__Problem details__:
What is needed is a verbatim copy of the data, minus the pictures.

__Provided material__:

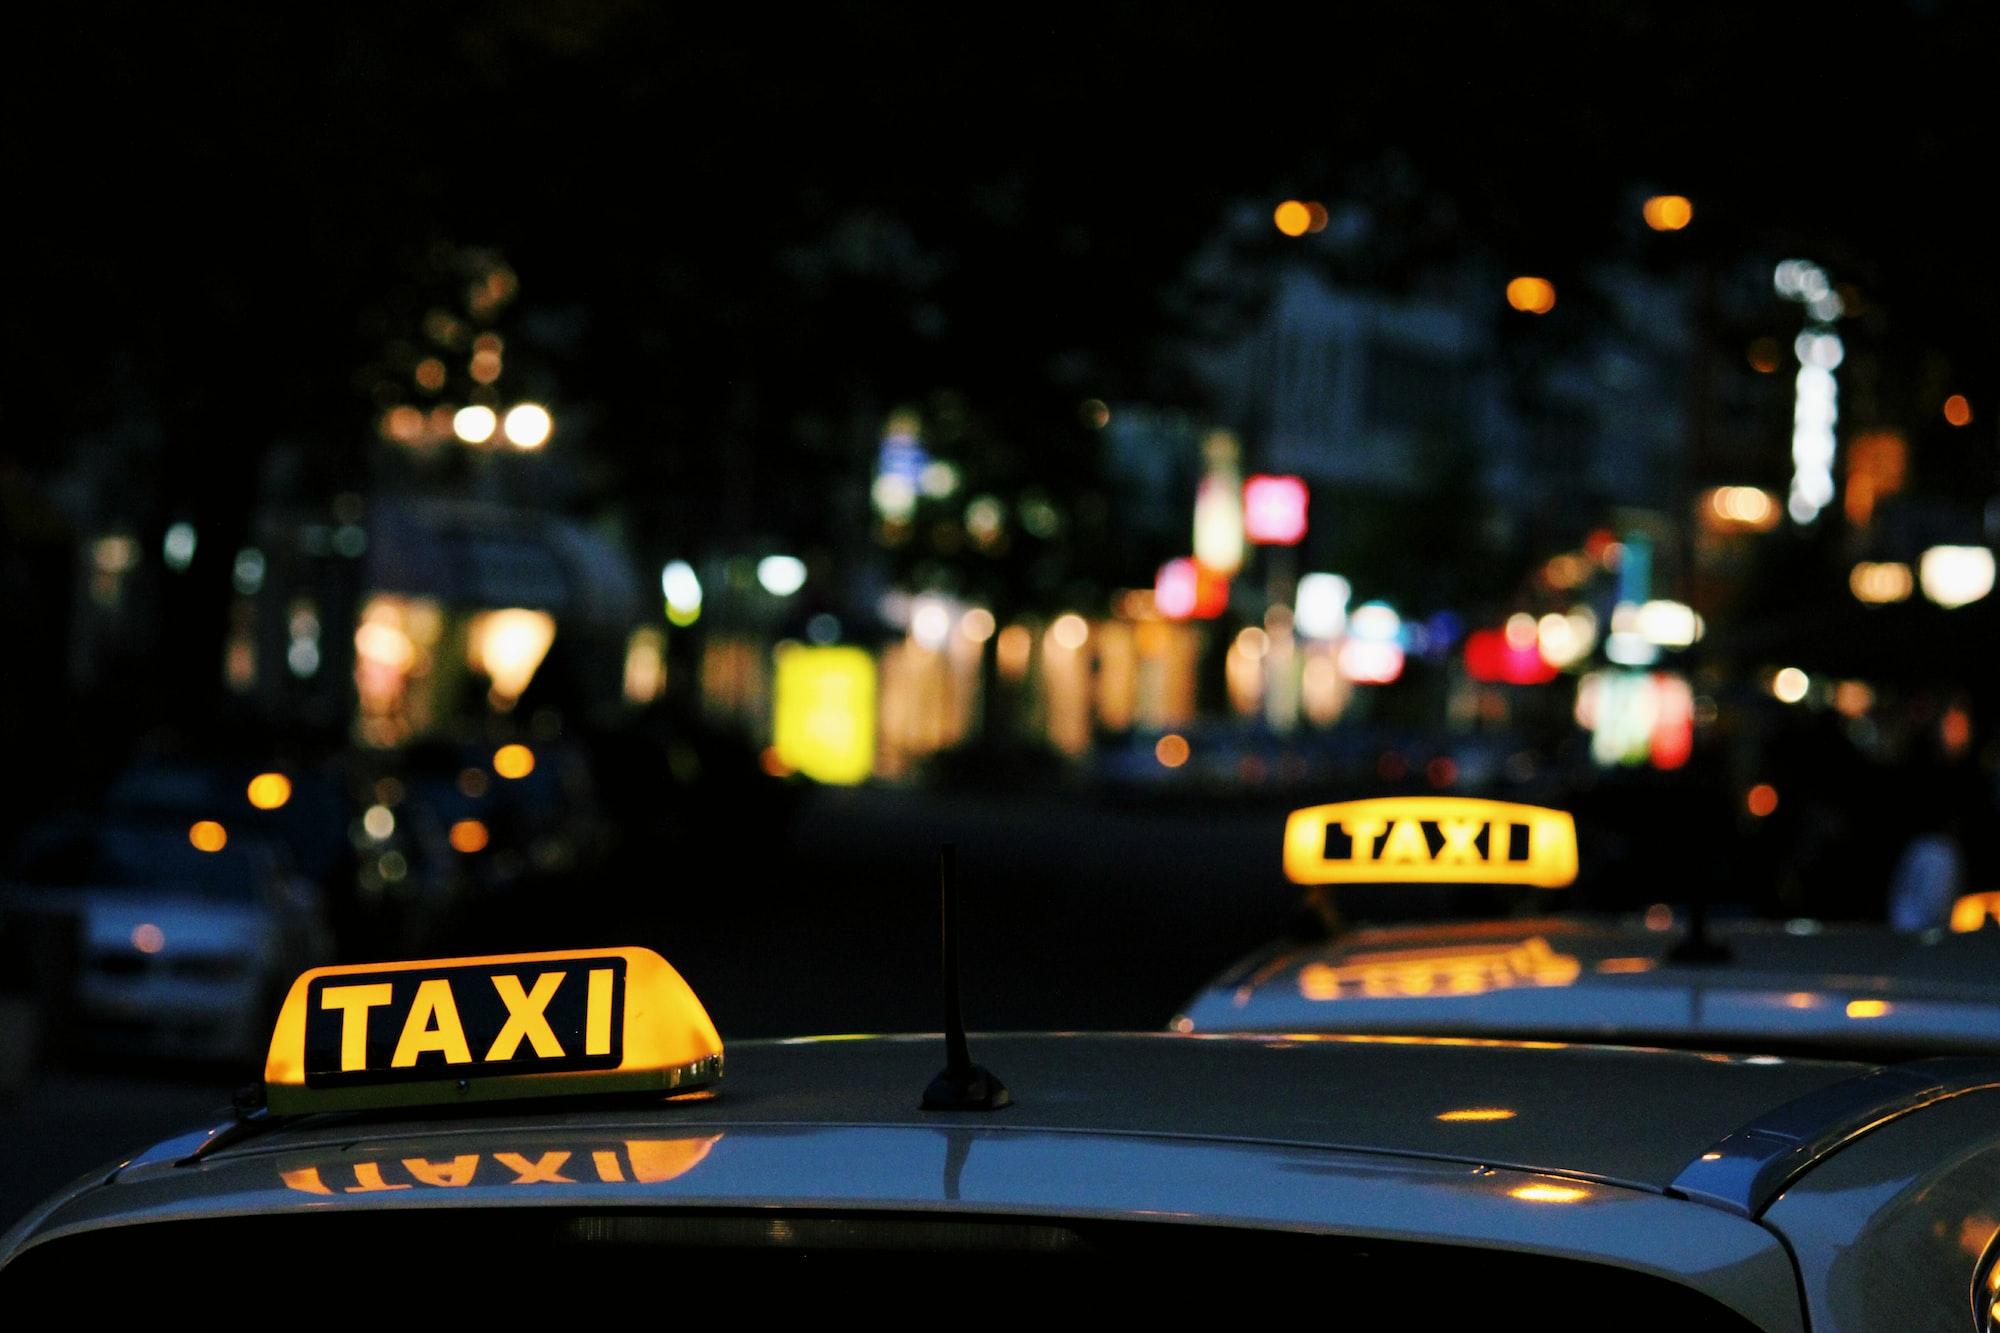 Tecnología: Taxistas y apps de movilidad: ¿el fin del conflicto?
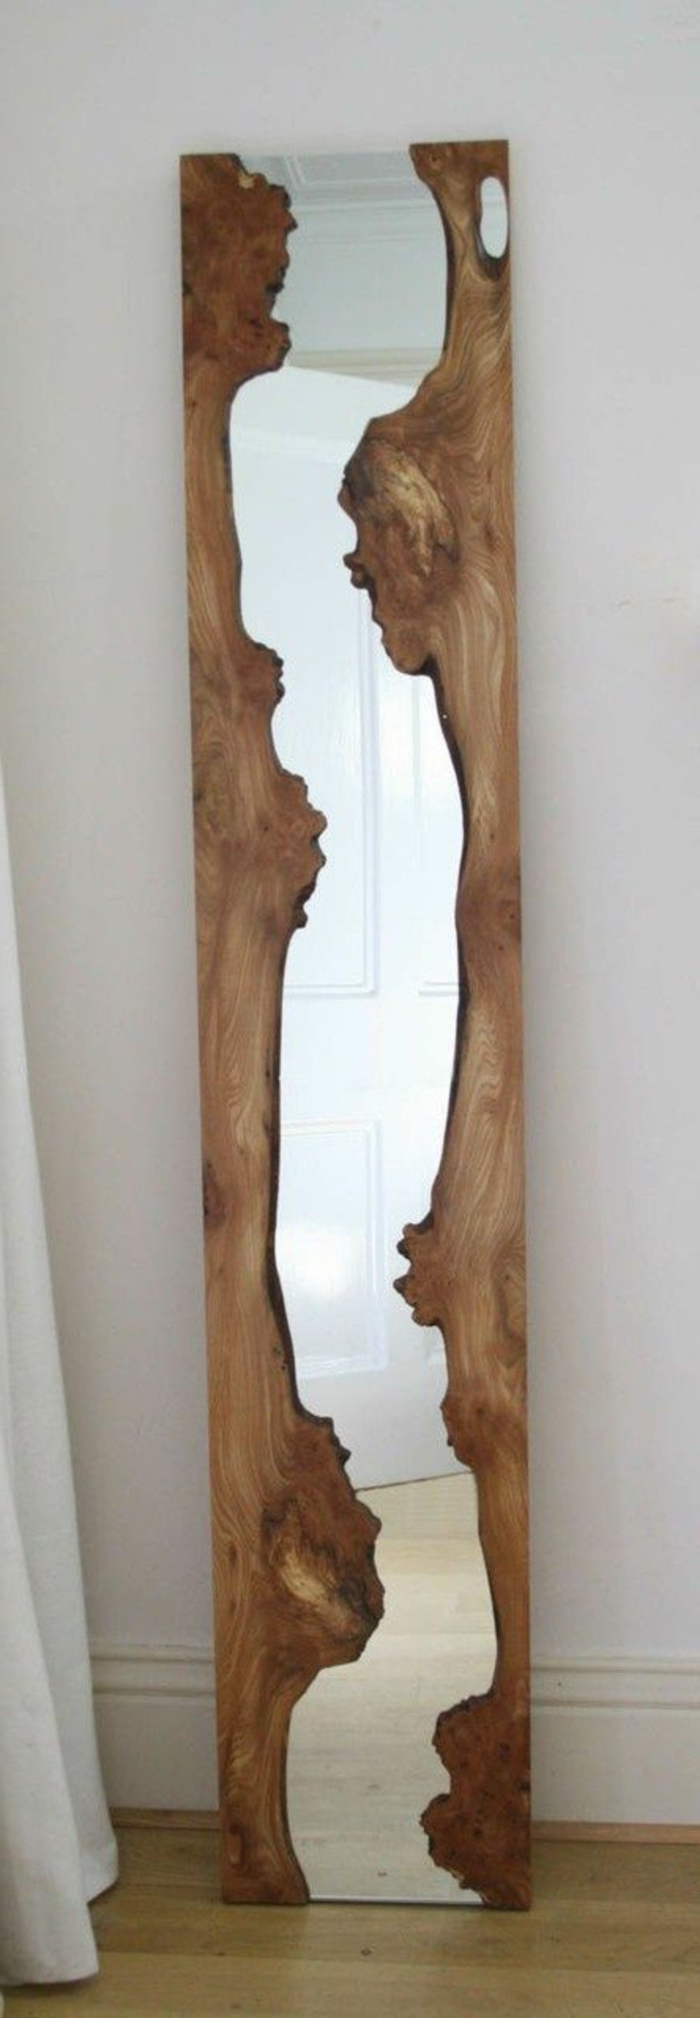 branche-bois-flotté-table-bois-flotté-bois-flotté-bricolage-tronc-arbre-deco-le-mirroire
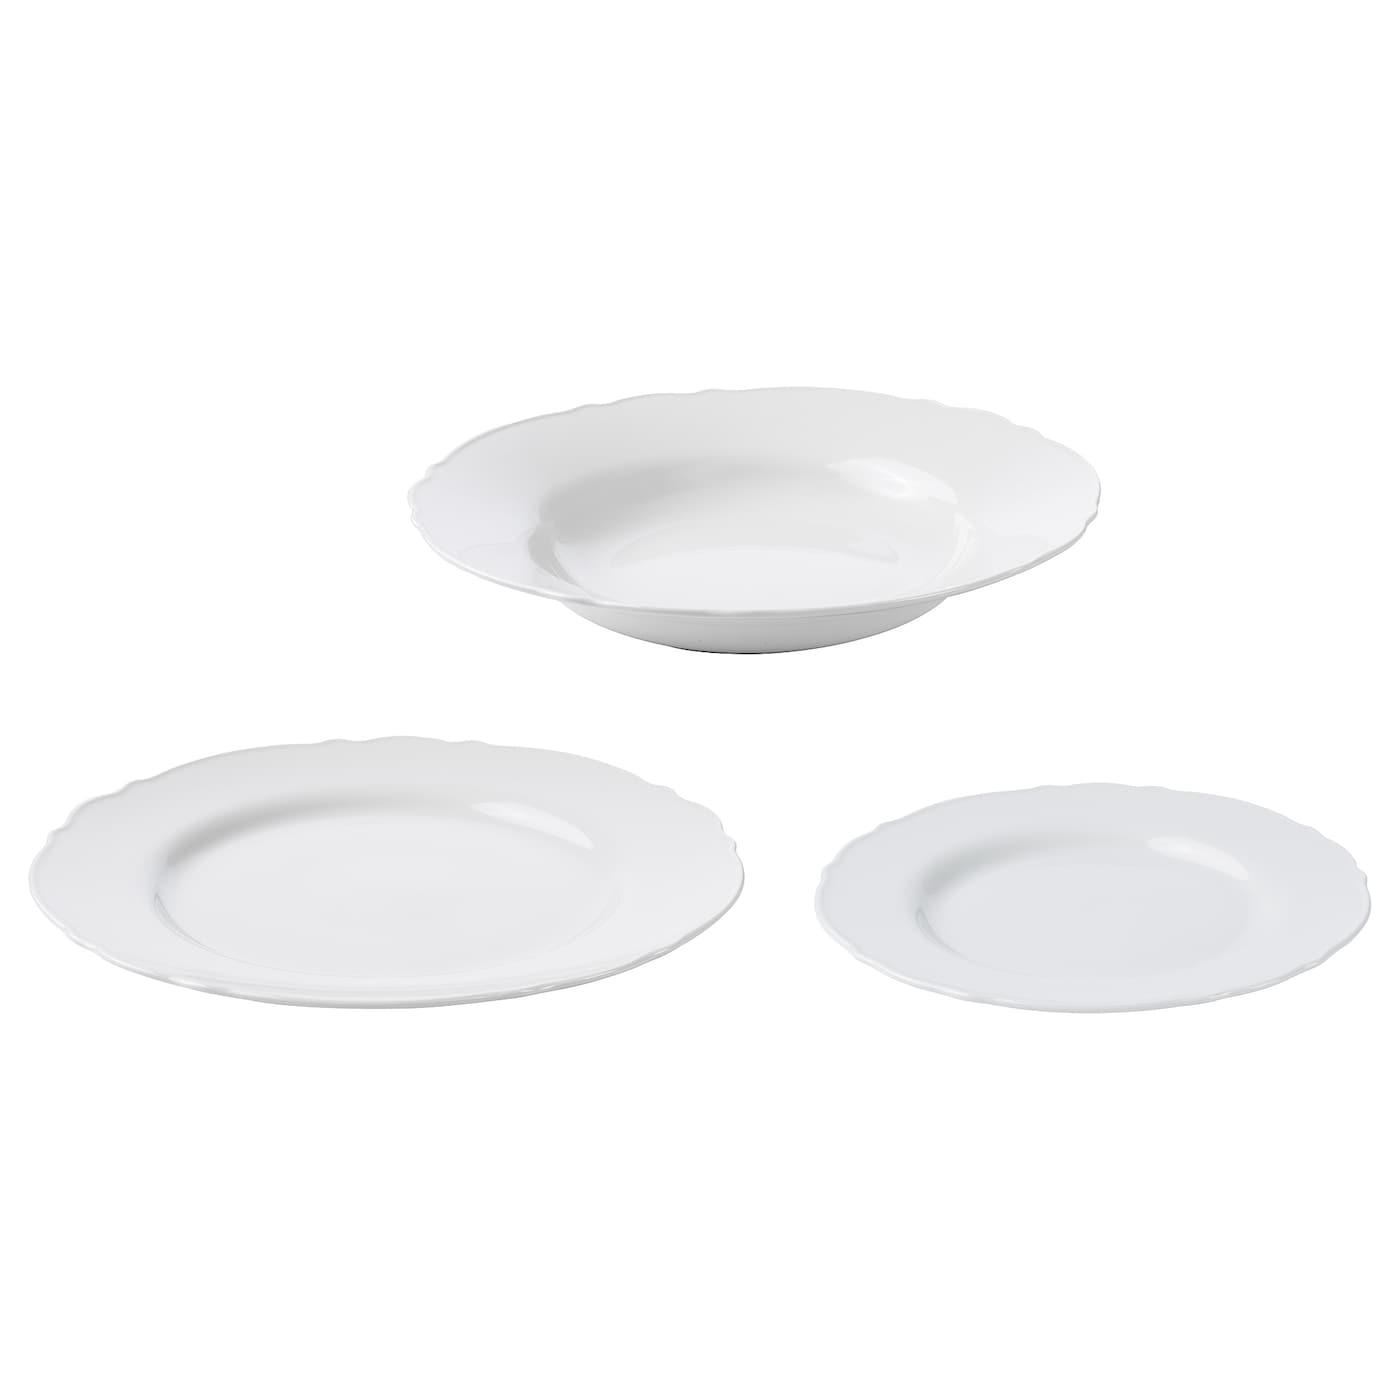 UPPLAGA Vajilla 18 piezas blanco

__The completed task__:
 Tecnología: Taxistas y apps de movilidad: ¿el fin del conflicto?
 branche-bois-flotté-table-bois-flotté-bois-flotté-bricolage-tronc-arbre-deco-le-mirroire
 UPPLAGA Vajilla 18 piezas blanco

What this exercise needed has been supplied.